§ **Task prompt**
Begin at the line below that has "Chicken breasts cooked". Stop after the line that has "Bell curve graph", repeating each line exactly and leaving out the pictures.

§ **Supplied information**

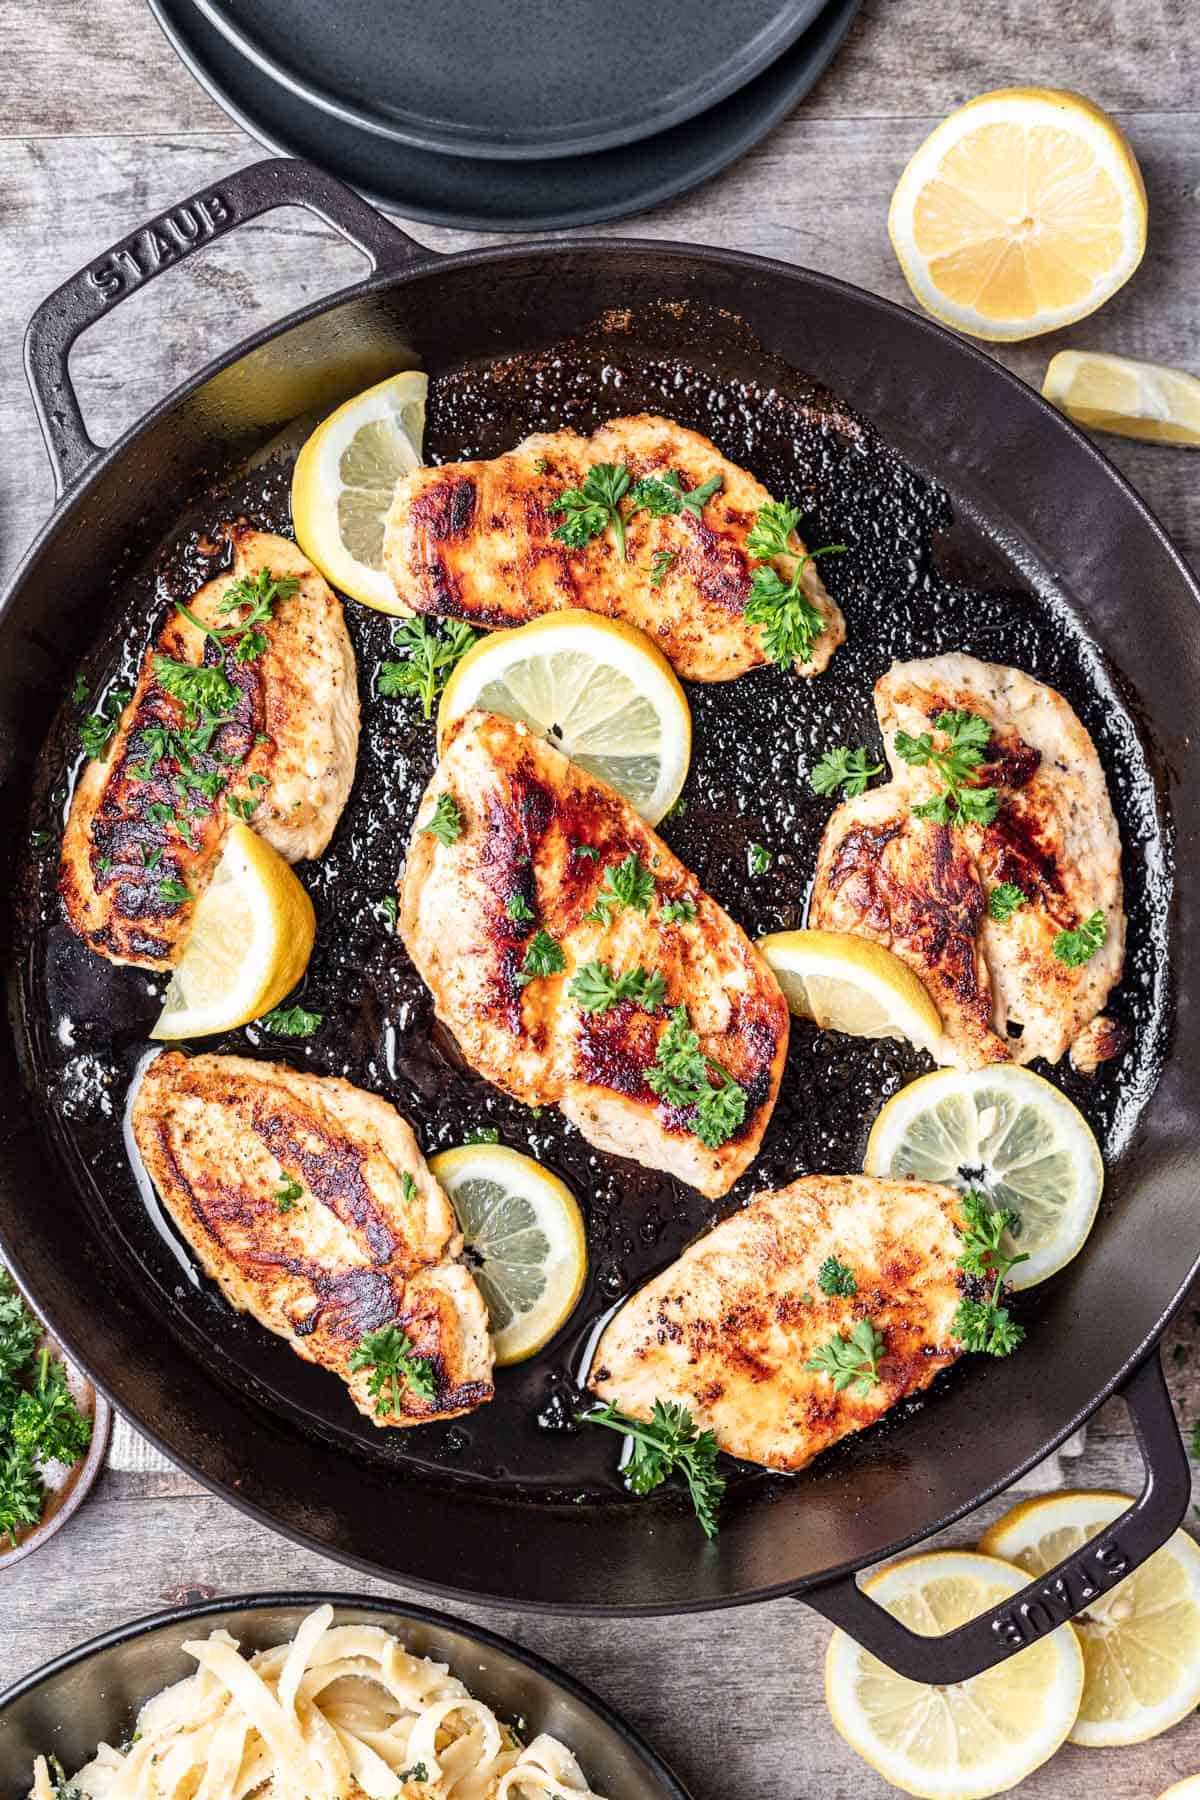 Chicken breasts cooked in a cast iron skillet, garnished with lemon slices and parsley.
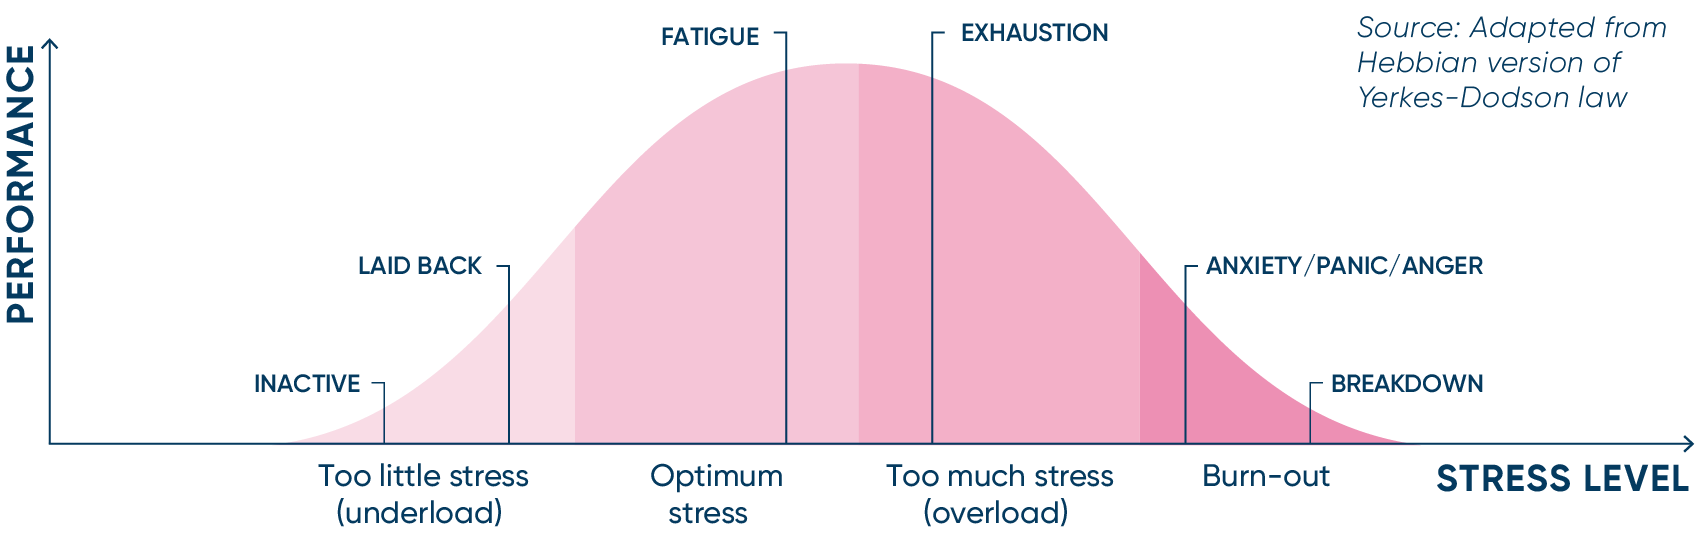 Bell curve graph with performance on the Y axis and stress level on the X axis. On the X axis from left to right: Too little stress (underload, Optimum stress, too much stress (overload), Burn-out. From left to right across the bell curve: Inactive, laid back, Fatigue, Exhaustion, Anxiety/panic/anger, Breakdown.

---

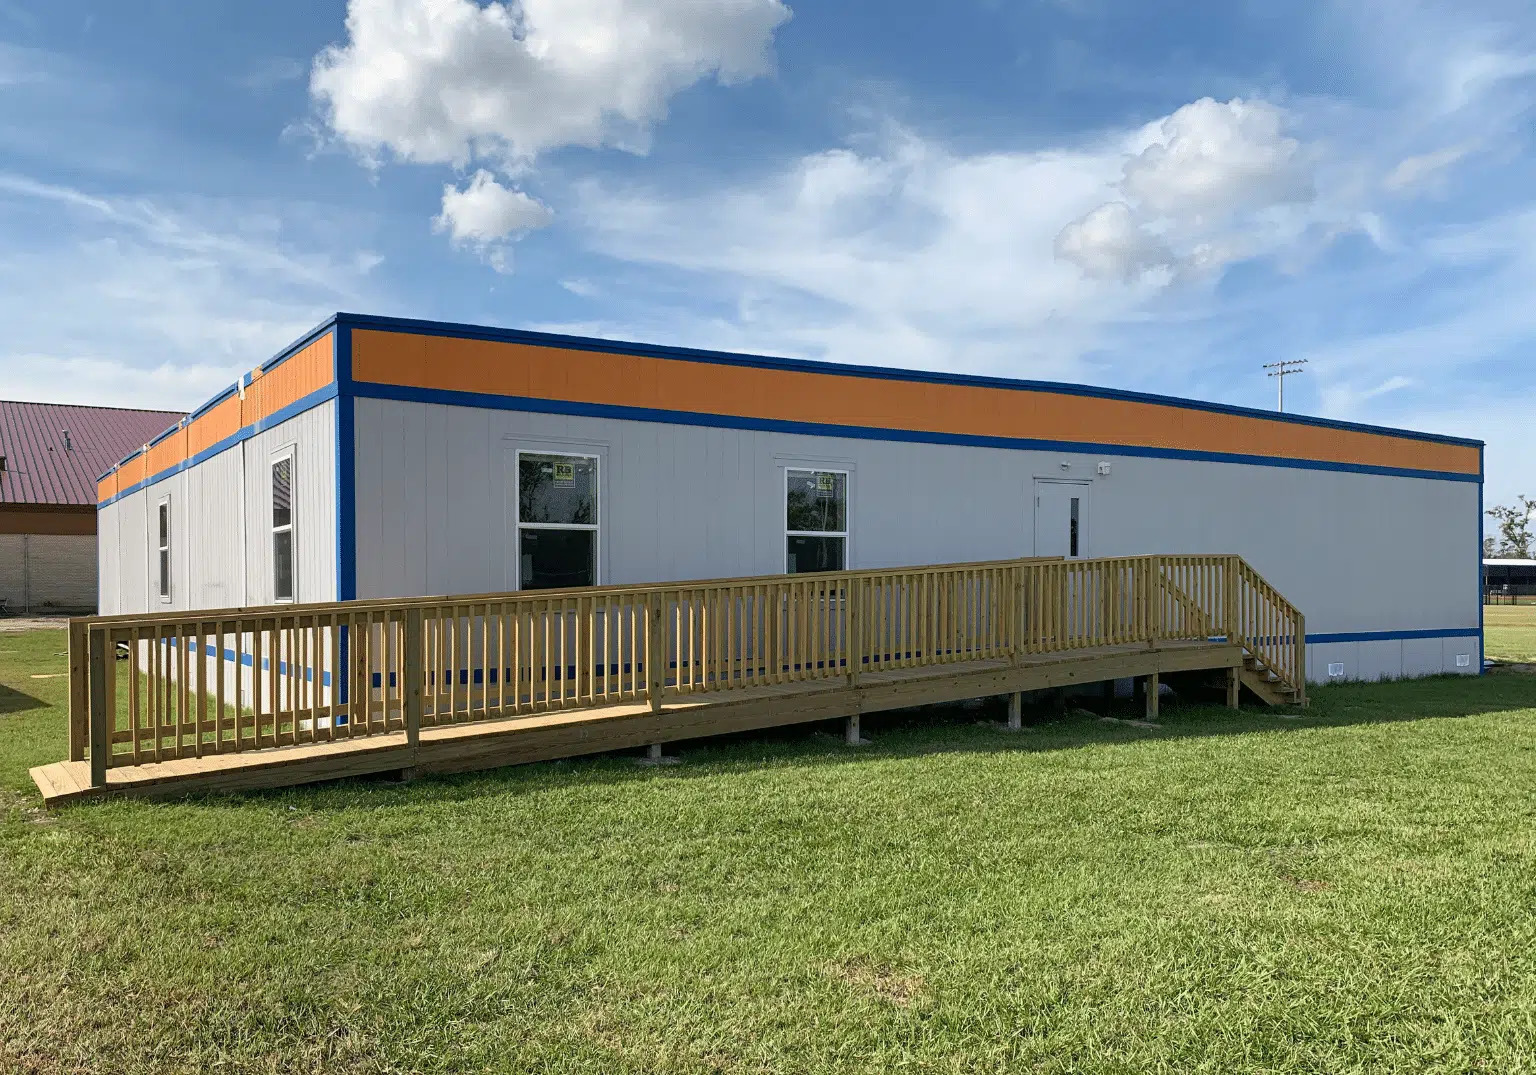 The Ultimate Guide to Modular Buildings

§ **Written reply**
 Chicken breasts cooked in a cast iron skillet, garnished with lemon slices and parsley.
 Bell curve graph with performance on the Y axis and stress level on the X axis. On the X axis from left to right: Too little stress (underload, Optimum stress, too much stress (overload), Burn-out. From left to right across the bell curve: Inactive, laid back, Fatigue, Exhaustion, Anxiety/panic/anger, Breakdown.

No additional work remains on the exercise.